沈妄听见这话也没说什么,只是安静的看着眼前的女人。
“随你,你要喜欢这里,以后我们就在这里。”男人的话缓缓落下。
宴时璃就这么看着眼前男人,心情有点复杂。
她也不是不想回去,就是觉得那里有着一些不想回忆的事情。
她的主动靠近,她的故意陷害,甚至她的逃离。
如果回去了,还不知道会发生什么事情,她是真不想回去。
可也知道,这男人的一切都在那里,他不能无止境的留下来。
“我不能那么自私。”宴时璃的睫毛颤了颤,眼底泛起一层细碎的水光,“那里有你的一切,你的亲人你的朋友,甚至是你的事业。”
男人沉默了片刻,忽然俯身,将她揽进怀里。
他的怀抱宽阔而温暖,是她这些日子以来最熟悉也最安心的,“自私的从来不是你。”
他的下巴抵着她的发顶,声音闷闷的,“是我。”
宴时璃僵了僵,没敢动。
“不管发生什么事情,我都希望你能留在我身边。”
宴时清眼圈有些发红,“我不值得,我做了很多伤害你的事情,其实你可以有更好的选择。

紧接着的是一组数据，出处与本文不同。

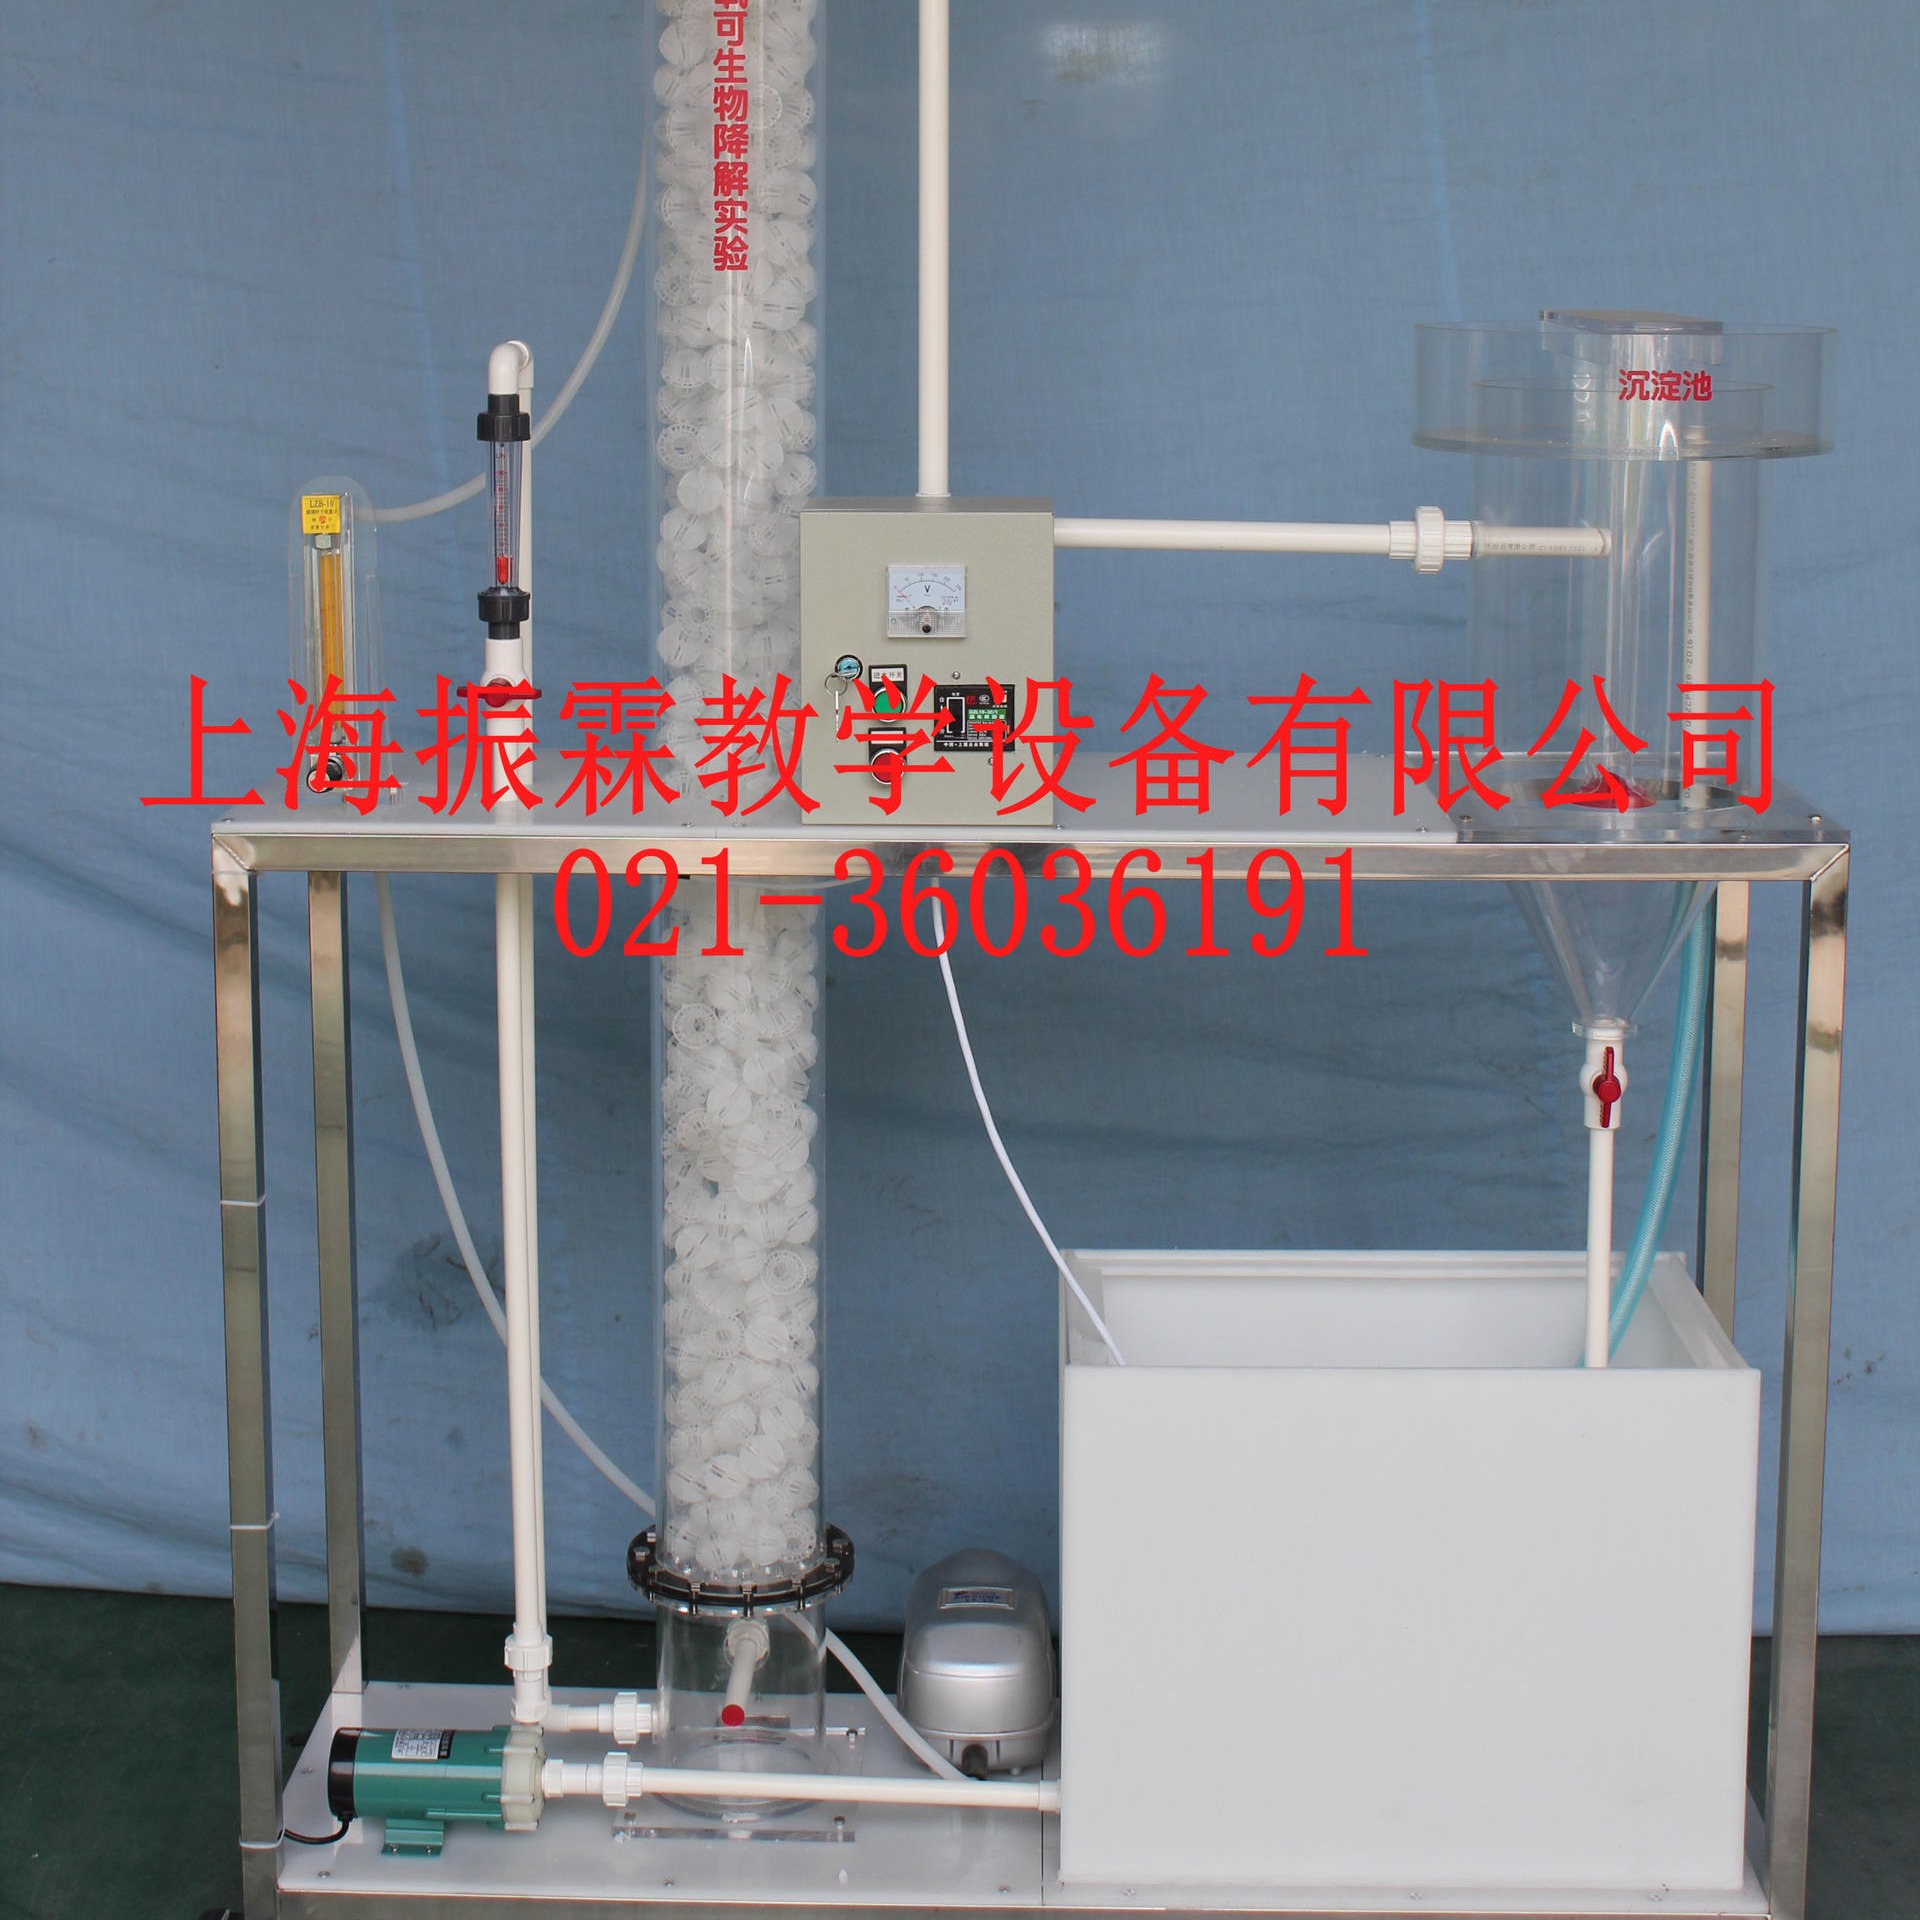 ZLHJ-V109型废水好氧可生物降解性实验装置 废水好氧可生物降解性实验台 废水好氧可生物降解性实训设备 振霖制造

”
沈妄听见这话这话皱了一下眉头。
他太了解这女人了,也知道这些都是她的借口。
“可是你现在怀了我的孩子,我总不能放着你不管,更不能看着你带着我的孩子嫁给别的男人。”男人的话缓缓落下。
听见这话的宴时清看着眼前的男人,心里多少有点不是滋味。
“我没打算再和别的男人结婚,之前和炎凛结婚也是有原因的。”相信这男人都明白。
沈妄盯着她,“那就好了,既然这样,等你生下孩子我们在谈,也许到时候你会改变自己的想法。”
其实宴时清是不知道怎么回答,感觉说什么都不对。
眼下,她也不想过多说什么。
等着吃完饺子,宴时清坐在壁炉这里,抱着巴拓一起玩着。
沈妄洗了些水果拿了过来,看着他们一人一狗玩的正开心,嘴角淡淡笑了。
难得看见这女人如此开心的样子,大约也只有面对狗的时候,会有这样开心的神情了。
不知道为什么,忽然有些嫉妒狗子了。
“吃点水果。”沈妄把水果放在她的面前。
宴时清点点头,拿起一颗草莓,自己没吃,给了巴拓。
小家伙吃的很起劲,两口就没了,然后眼巴巴的看着宴时清。
宴时清被它逗笑,又拿起一颗,刚要递过去,手腕却被沈妄轻轻扣住,力道很清,“你怀着孩子,得自己吃点。”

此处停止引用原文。